Friday, May 10, 2013

Filling An Empty Heart --- Part I

Cutter's Log - Stardate 3102.10.50
Current Song - Just The Way You Are (Billy Joel)

Apparently I have the okay.

In my search to find out more about relationships, I took a walk not too far from my house. I sat on a bench at 14th Avenue Park and stared at the few stars that were in the sky.

It is a quiet enough spot: away from the dam, and away from the sight of many people. Open sky. Just as long as a train doesn't pass by. There is plenty of warning for when a train comes from the east, as you can see the light from the Nelson Bridge.

Anyway, the quietness made me think about certain things deeper. I don't know exactly how it happened, but I thought about the Question and Answer.

Only one time had I experienced the answer of "yes" to the question "Will you go out with me?"

Freshman year, 2002. Alicia.

I had always considered this to be so much a failure that I have denied the existence of this even happening. We got past Q&A and that was it. That was my only success out of two.

When I say, "I've never had a girlfriend," that is actually not true. I did have one. I just denied the existence of it because it was so poor. We completed Step No. 1.

That led me to believe that other relationships only got as far as ours. And even the possibility that relationships have existed where the breakup happened a mere seconds after "Yes."

I kept denying the existence of it because it was so bad. I don't know if Alicia denies the existence of this herself (in fact, we haven't even talked or seen each other since our freshman year). I simply wasn't ready to proceed forward after making it official.

I found out that the Q&A was the EASIEST part of the relationship. It takes so much more to maintain it. I failed in that regard when we were to see each other after one of the RF boys basketball games. We broke up not too long after that night.

I remember when we made it official. I was so excited to have a girlfriend that I mass messaged all of my friends on ICQ that I had FINALLY found the girl. I remember all of the congratulations and such. Wish I could have made it happen more.

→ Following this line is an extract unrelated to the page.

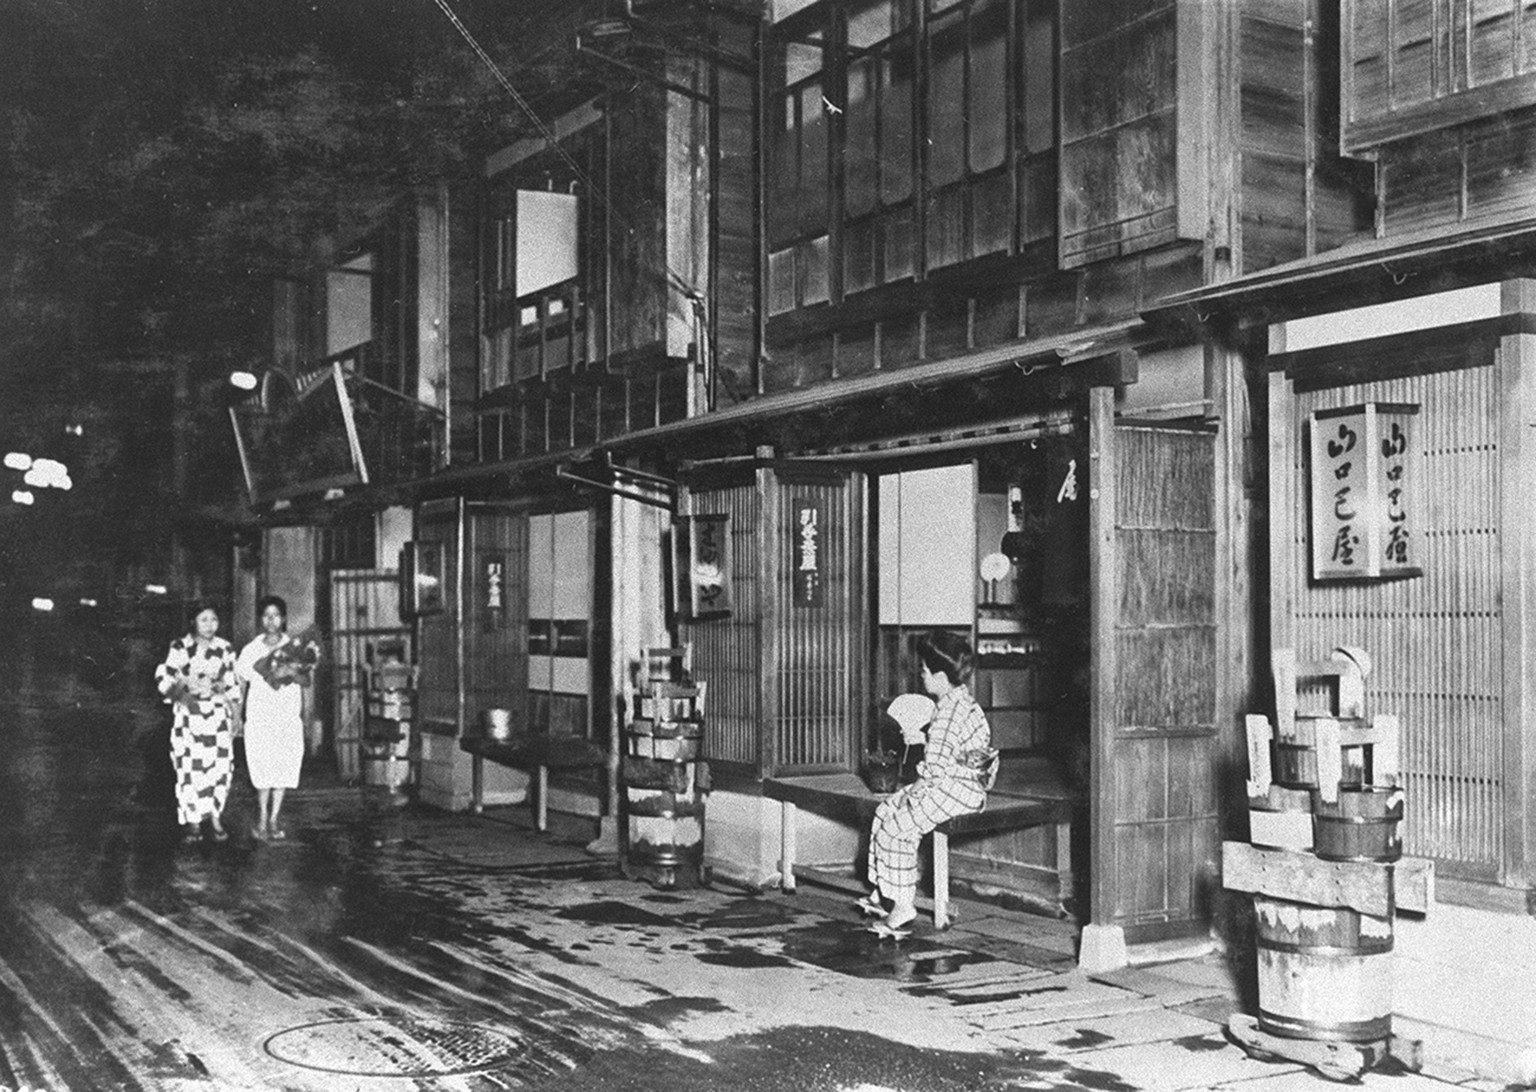 TOKYO, Japan - The file photo shows teahouses in Yoshiwara, which was Japan&#039;s largest licensed red-light district until prostitution was banned in 1957, located in Tokyo. The undated photo was ta ...

I just wasn't ready yet. I was too excited to break the curse that I had completely forgotten about the inner workings of what a relationship is.

Looking at it a little more, many relationships had beginnings and ends. Turns out this one had both, despite its short lifespan.

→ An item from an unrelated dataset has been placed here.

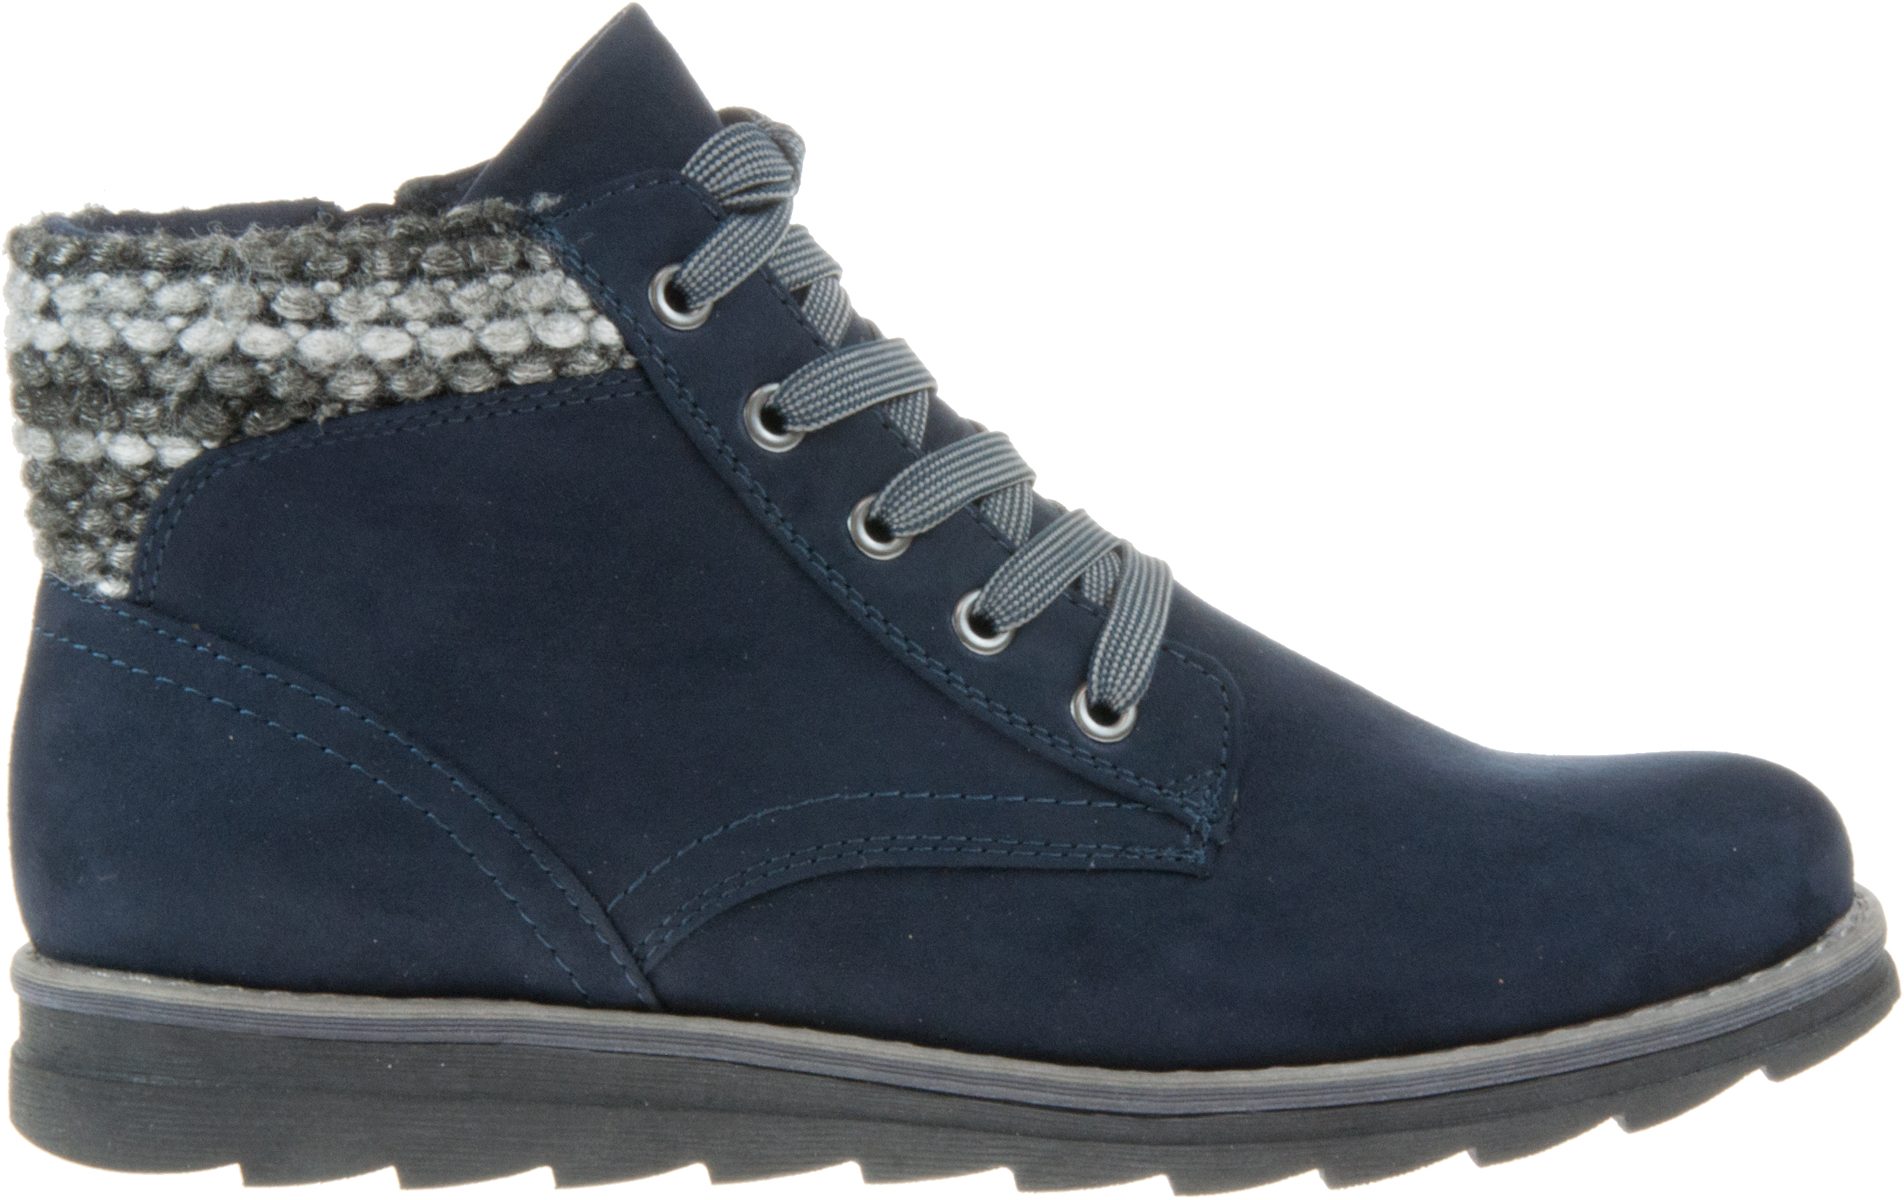 Marco Tozzi 25208-25 Dark Navy Combination 25208-25 888 - Ankle Boots ...

So I guess it DID happen, and my tally is "1" instead of "0".

Since I have blocked out the existence of this relationship, I failed to learn from the mistakes that doom it. I have re-analyzed the whole relationship from accepting her ICQ friend request until the breakup:

I wasn't willing: ICQ and what else in terms of conversation??
Two-way streets are better than one.
I rarely consulted my parents for advice on how to make it all work. I was so afraid of hearing tactics that worked for them in 1983 and my belief that they wouldn't work in 2002. That, and pushing me into things that I just wasn't ready for.

Another thing I am realizing, now that I am recognizing my relationship with Alicia into existence once more is remembering the whole build-up before the Q&A. We talked on ICQ all of the time, and even had some phone conversations. We were both nervous to meet for the first time. We chatted about many things, from love to just about anything you could think of. It was to the point where I couldn't wait to see her name pop up in chat.

Another lesson learned from this relationship is to strengthen the build-up that eventually leads to the Q&A. I feel if I could have done a lot more in this process, things would have been much easier in the relationship after the Q&A.

Also, now that I'm at peace with considering this the only relationship I've had to date, I can't thank Joi enough for her efforts to try to get Alicia and I together.

So it did happen. This feels like an important discovery. I'm anxious to learn from my mistakes.